Not from my diet but from blogging about it everyday. I've still been doing really good on my diet although I'm realizing the pounds aren't going to just melt away like I was hoping but I'm not willing to do anything extreme right now because I'm still breast feeding and I don't want to do anything that would harm little Ian. I already feel like I should be eating more calories for him, but really I'm just cutting out the sugar and carbs which were the bulk of the calories I was eating before. Now I'm adding alot more protein and vegetables which are much more nutritious for him anyways.
That being said, I do have bookclub tonight and all bets are off.. The girls bring way too good of food, including desserts, and I'm eating it all!

Monday, March 15, 2010

Day 15, March 15th

It's my birthday. So even though I didn't completely go off the wagon I decided I wasn't going to count calories just for one day. I actually think I did pretty good except I ate half a cinnamon roll and some 'healthy' brownies.
I can't believe it's been 2 weeks. It hasn't been that hard really. Once you're fully committed you just do it and think about it too much.
For lunch today I was thinking about all the places I could go for lunch to 'treat myself' but decided to go to the cafe attached to the health food store and I'm glad I did. I had a really good chicken quesadilla. I think it's going to be my new favorite restaurant. There are so many good healthy choices I can't wait to try a few more options.

Day 14

Calories 1524 Protein 102.7 Carbs 82.4 Fats 67.2

Obviously this isn't completely accurate because there was Birthday Cake involved that I haven't accounted for. But I had a fun lunch with my girlfriends and even still I did pretty good with my diet, but I'm a sucker for cake, can't help it.

Sunday, March 14, 2010

Day 13

Totals: Calories 1807 Protein 133.3 Carbs 115.6 Fat 53

Ok, I'll be honest. This may not be completely accurate. See it's my birthday weekend and my dear Kellee Kellee came to stay over and we went out to eat and I may or may not have has some chocolate mousse for dessert and then she may or may not have bought me a cupcake that I ate later that night. Although I did account for A cupcake, I'm sure the one I ate was more than 200 calories.
But Hey,
It's my Birthday! (almost)

Saturday, March 13, 2010

Day 12

Totals: Calories 1705 Protein 133.2 Carbs 86 Fat 68.9

My friend Jacqui recommended I try Greek Yogurt and Honey, so instead I put a little Agave and some Vanilla in with Greek Yogurt. It's my new favorite treat. Then I saw on 5 ingredients or less, to make chicken salad with Greek Yogurt so I made that today and it worked great too. Yum.

Friday, March 12, 2010

Day 11

Totals: Calories 1858 Protein 125.4 Carbs 130.2 Fat 70.o

Why do I feel like if I get over 1700 I'm a failure. Really 1800 is pretty darn good I have to say. I'm pretty sure that if I would have tracked my calories before my diet I would have been at nearly 3-4000 a day easy.

Thursday, March 11, 2010

Day 10

I was doing really good until I started chowing down on Sun Chips and Pistachios instead of carrots like I did last night.
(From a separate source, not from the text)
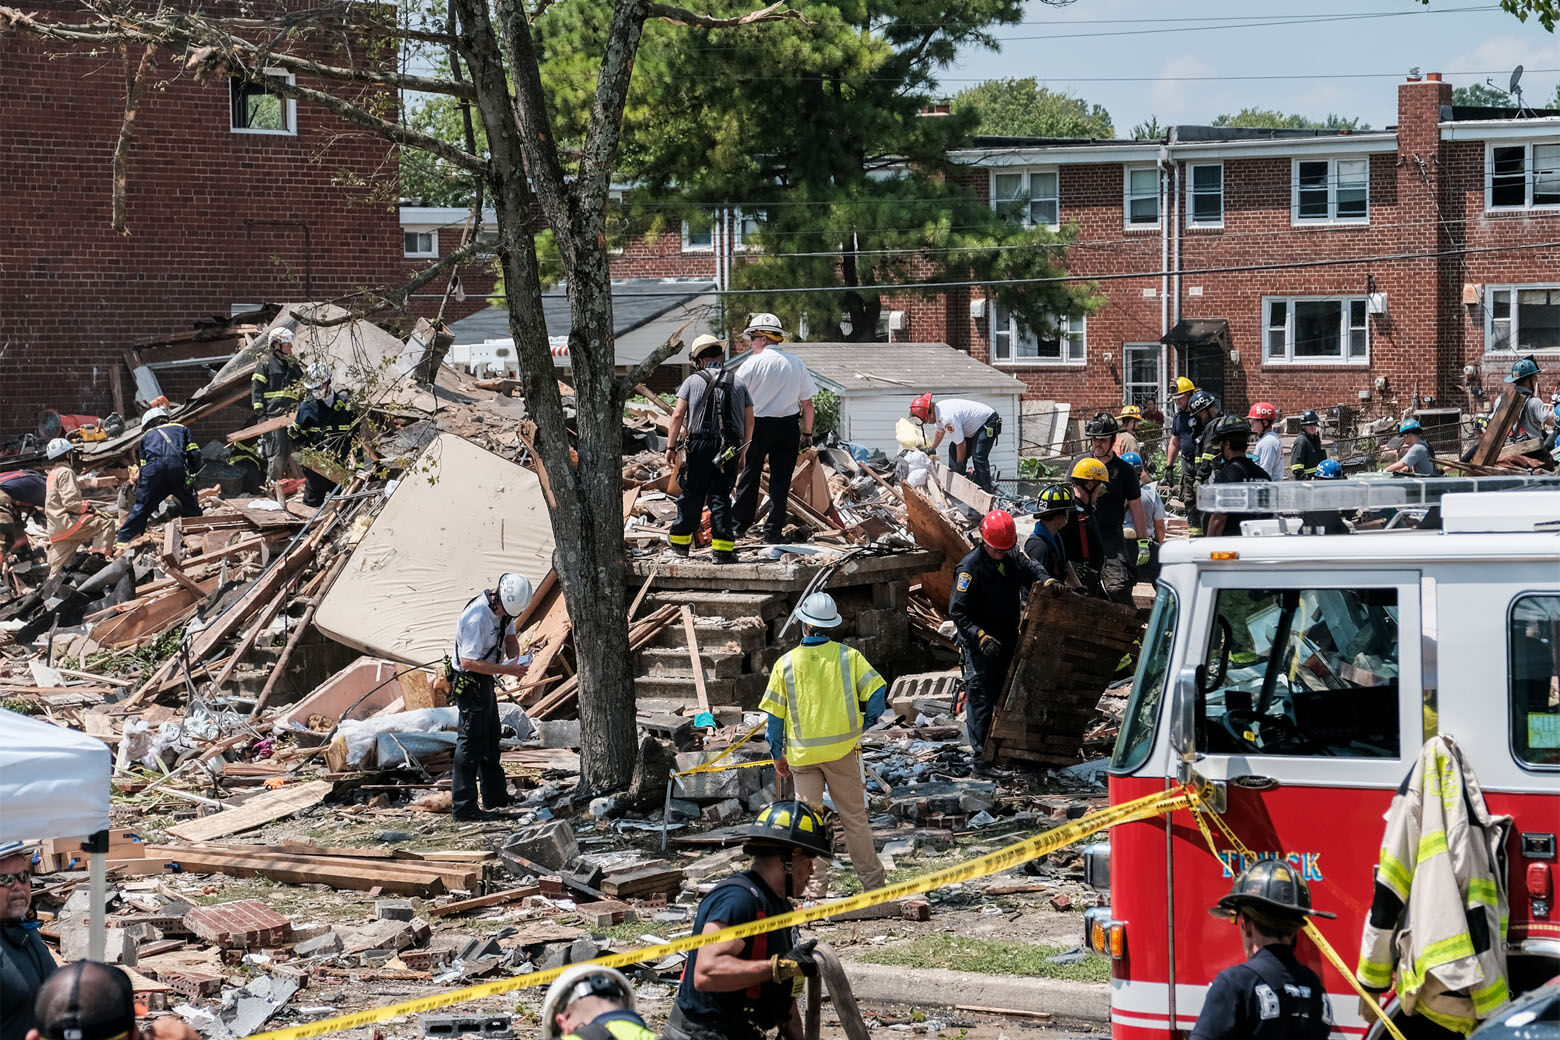 BALTIMORE, MD - AUGUST 10: First responders search for survivors at the scene of an explosion on August 10, 2020 in Baltimore, Maryland. Early reports indicate that a gas leak may have caused the massive explosion that leveled three homes, causing multiple injuries and at least one fatality. (Photo by Michael A. McCoy/Getty Images)

Totals: Calories 1892 Protein 120.5 Carbs 148.4 Fats 68.7

Tuesday, March 9, 2010

Day 9

I just ate the best Omelet. I think adding a little cottage cheese made all the difference.
2 eggs
1/2 cup cottage cheese
1/4 cup shredded cheese
1/4 cup milk
Spinach
a little Feta
Onion powder
Garlic powder
It seems simple but man was it good.
I was going to try and make this egg casserole that my mother in law made on Sunday but after cracking 6 eggs I added a splash of milk and smelled something funky. So I got the milk back out and smelled it and yuck. Had to throw it all away so instead of going through another 6 eggs I decided just to make an omelet and I'm glad I did.

Totals: Calories 1656 Protein 120.5 Carbs 66.8 Fat 47.5

Day 8

Ian is sick, I felt like I was getting sick, Ryan left out of town for a week, but I made it through.

Totals: Calories 1524 Protein 124.3 Carbs 124.7 Fat 55.9

Sunday, March 7, 2010

Day 6

Today was much better. I feel like my cravings for sugars are going away. I even went to a birthday party and didn't have any of the cake or ice cream, even though it looked really good. I even brought my own food so I wouldn't be tempted to munch on stuff. I honestly don't know how someone only eats 2000 calories a day without counting and being really strict. I'm at almost 1800 every day and I've cut nearly all my carbs and sugars. I think if I would have tracked what I ate before the diet I would be disgusted with myself at how many calories I was actually eating. I have to say Daily Burn .com has really helped me out. I just enter everything I eat as I go so I see exactly how my day is adding up. That way I know if I splurge on breakfast (add a banana to my protein shake) Then I should keep my dinner simple.

Totals: Calories 1765 Carbs 130 Protien 145.7 Fat 76.3

Friday, March 5, 2010

Day 5

Today was my toughest day but I made it through.

Totals: Calories 1749 Protein 181.4 Carb 87.6 Fats 75.7

Thursday, March 4, 2010

Negligible

Neg-li-gi-ble
adjective-
so small, trifling or unimportant that it may safely be neglected or disregarded.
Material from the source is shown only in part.